Итак, напомним: обычно тела остывают снаружи и, как правило, горячий объект на поверхности холоднее, чем внутри. У нейтронных звезд ситуация немножечко более хитрая. Хотя, исключая короткий период младенчества, формально они все равно горячее в центре, но энергия уносится не столько фотонами с поверхности, сколько нейтрино, вылетающими прямо из недр.
Рентгеновское изображение остатка сверхновой Puppis A. В нем находится остывающая нейтронная звезда, относящаяся к классу центральных компактных объектов.
Нейтронная звезда, кроме первой минуты своей жизни, прозрачна для нейтрино, и поэтому остывание первые сотни тысяч лет (иногда меньше – зависит от массы объекта) идет в основном изнутри, а тепло течет из внешних слоев внутрь, оттуда энергия излучается в виде нейтрино. Поэтому, наблюдая температуру поверхности, мы косвенно получаем информацию о том, что происходит в глубине.
В разных процессах с участием разных частиц темп излучения нейтрино должен быть различным. Поэтому кварковые звезды должны остывать не так, как звезды, состоящие из протонов и нейтронов; гиперонные звезды – не так, как объекты с большой долей пионного конденсата, и т. д. Значит, при той же массе и том же возрасте компактные объекты разного состава (и строения) будут иметь разную температуру поверхности. Сравнивая данные наблюдений с теоретическими расчетами остывания разных типов компактных объектов, можно надеяться продвинуться в изучении тайны их недр.

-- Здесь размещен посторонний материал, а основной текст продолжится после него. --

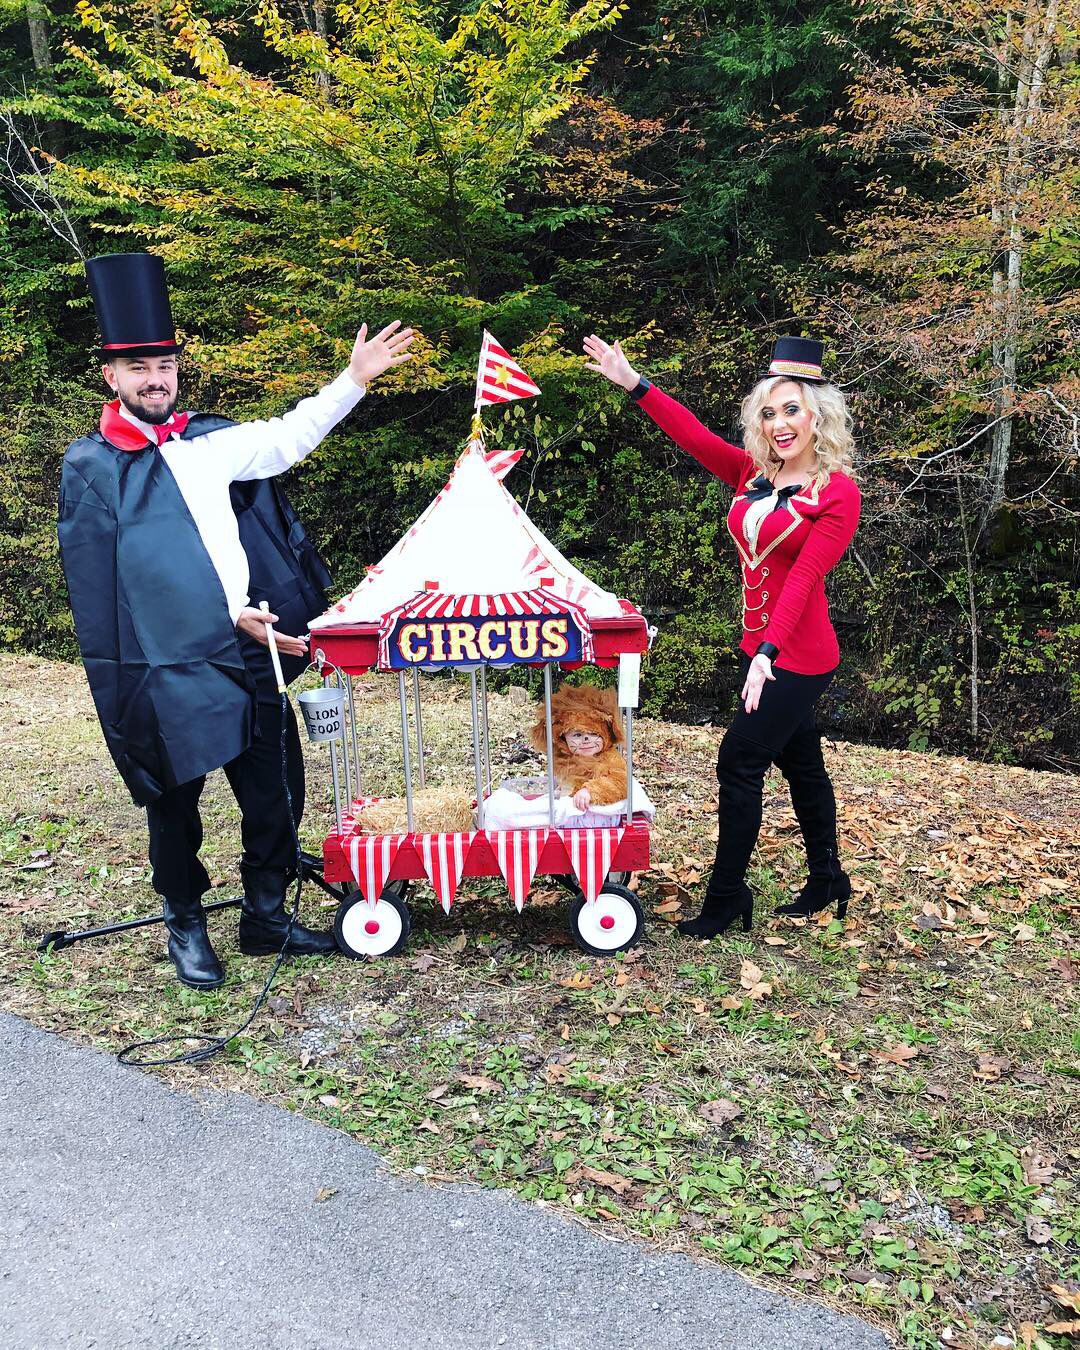 idee costume carnevale bimbo 1 anno circo

Здесь можно использовать как наблюдения отдельных объектов с хорошо известными параметрами (например, очень важно точно знать возраст и расстояние), так и данные по целым популяциям. Скажем, возьмем все близкие молодые одиночные нейтронные звезды (с возрастами меньше миллиона лет и расстоянием менее нескольких тысяч световых лет от нас) и посмотрим их распределение по температурам. Можно ли его объяснить, если все звезды кварковые или хотя бы половина? Получится ли описать эту популяцию, предположив, что молодые нейтронные звезды редко бывают настолько тяжелыми, чтобы там шел прямой урка‑процесс? В наших работах с Давидом Блашке, Ховиком Григоряном и другими при помощи компьютерного моделирования мы смогли ответить на некоторые из этих вопросов. Мы можем отбрасывать некоторые варианты строения компактных объектов. Но для окончательного ответа пока не хватает ни наблюдательных данных, ни понимания физических процессов в недрах нейтронных звезд.
Глитчи
Радиопульсары на протяжении жизни замедляют свое вращение. Однако на фоне постоянной потери вращательной энергии иногда происходят «взбрыки». Пульсар резко увеличивает свою частоту вращения, а потом снова продолжается замедление. Период при таком событии уменьшается совсем чуть‑чуть – например, на одну миллионную или даже миллиардную долю, но уже в начале 1970‑х годов точность наблюдений позволяла это заметить. Такие события назвали глитчами.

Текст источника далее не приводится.